What, Lies Upon the Whiteboard?

 

I’m sitting in a Monday morning sales meeting and my peers and I sheepishly report our single-digit meetings from last week as our manager writes them on her whiteboard. Then Justin boasts of his nearly twenty meetings.

That’s bullsh*t, we all agree afterwards. I’m out there busting my ass and had six meetings. How did he have nineteen? Is it even possible to have nineteen quality meetings in a week? Who were they with? Did he really do that? Maybe it’s possible if they were really bad appointments, like cold calls. But nineteen?! In one week?!

This is strikingly similar to the conversation I overheard at the gym the other day when some recent WOD results were called into question. There’s no way he did that many reps in that amount of time! There’s no way they can do that many quality reps in that amount of time! I only did this many, but I know my reps were full range.

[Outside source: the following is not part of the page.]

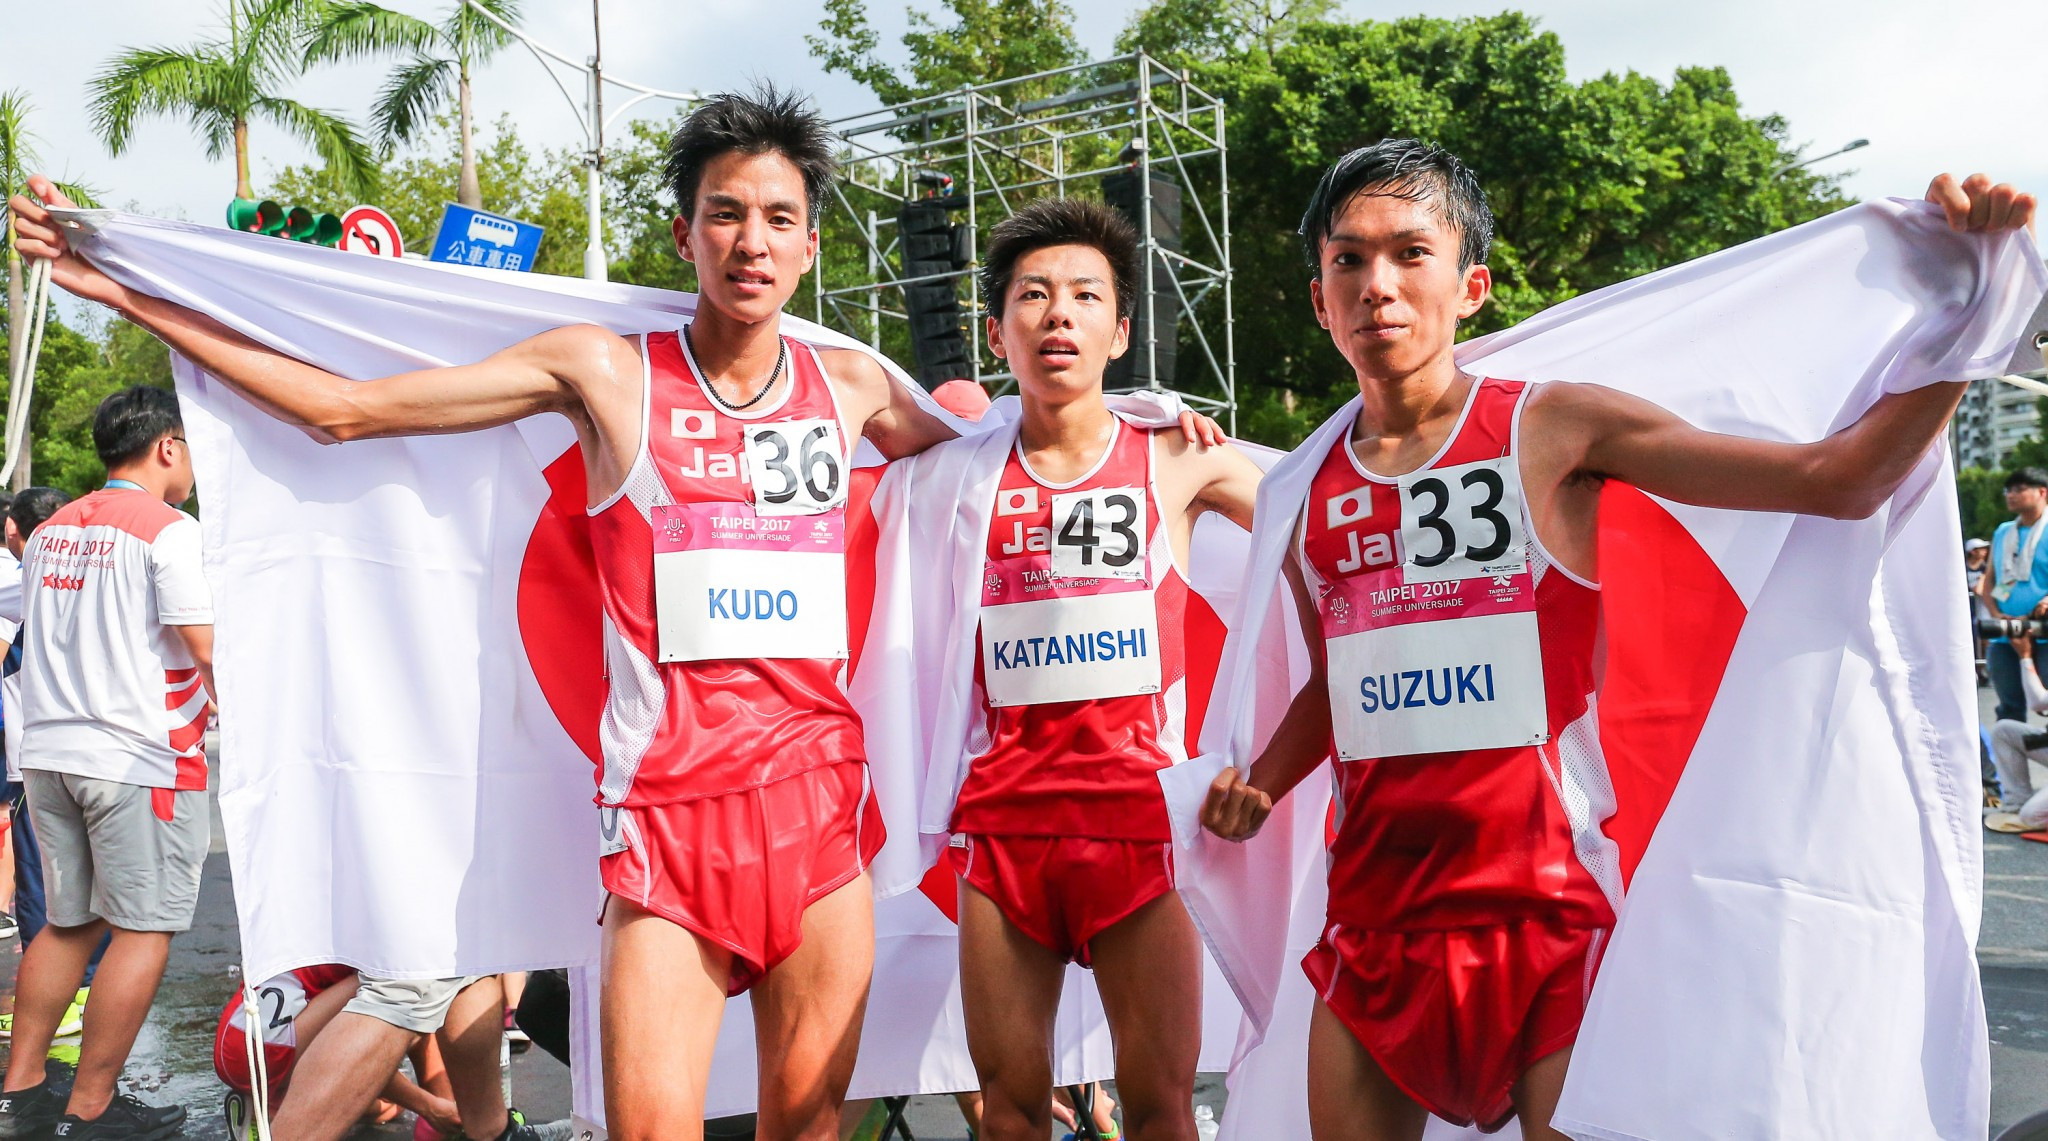 Japan enjoyed a clean sweep in the men's half marathon ©Taipei 2017

Later, as I’m driving to a meeting I calm myself down and remind myself that Justin’s pipeline never really produces. He’s always putting up big Monday morning sales activity numbers, and boasting of all of these deals in his pipeline… but few of them ever close. At this point he’s not fooling anyone with his inflated activity numbers. He’s only fooling himself. And then I hear one of my MBA Professor’s voice echo in my head… “What’s the game? What are the rules? And who’s keeping score?”

At work it’s straight forward. The game is sales. And the score keepers, my boss and her boss, only care about closed business. That’s how I’m evaluated and paid. Frankly, they could care less about the activity. It’s all about the results.

At our gym the game is fitness…that is, getting oneself healthier. And the scorekeeper is one’s body. The score is NOT on the whiteboard. The score is; better blood pressure, greater bone density, better blood work, more stamina, more strength, greater flexibility, etc. And the number on the board… that silly number on the board… means NOTHING unless those other things improve. It’s all about the results.

So if it’s all about results why do we care so much about what lies upon the white board? Why do we care about the integrity of that data even if it’s not the score? Because the data, when accurate, correlates to the results. And then we can set the best goals and benchmarks for our own improvement. Call it competition or self preservation ;)

And if the data’s inaccurate, as it often is, we naturally select the data we trust and throw out the outlying data (call it excuse making or another self preservation skill). I start comparing myself to certain colleagues at work- colleagues I respect and I know are or will be successful- and I benchmark myself accordingly. The discussion at the gym fell along the same lines. The individuals that were questioning the integrity of the data admitted to throwing that outlier out and honing in on others’ scores as an appropriate benchmark.

In the end, is what lies upon the whiteboard really important?

It depends. It depends on how you correlate that to the real score-
your personal health… your personal best.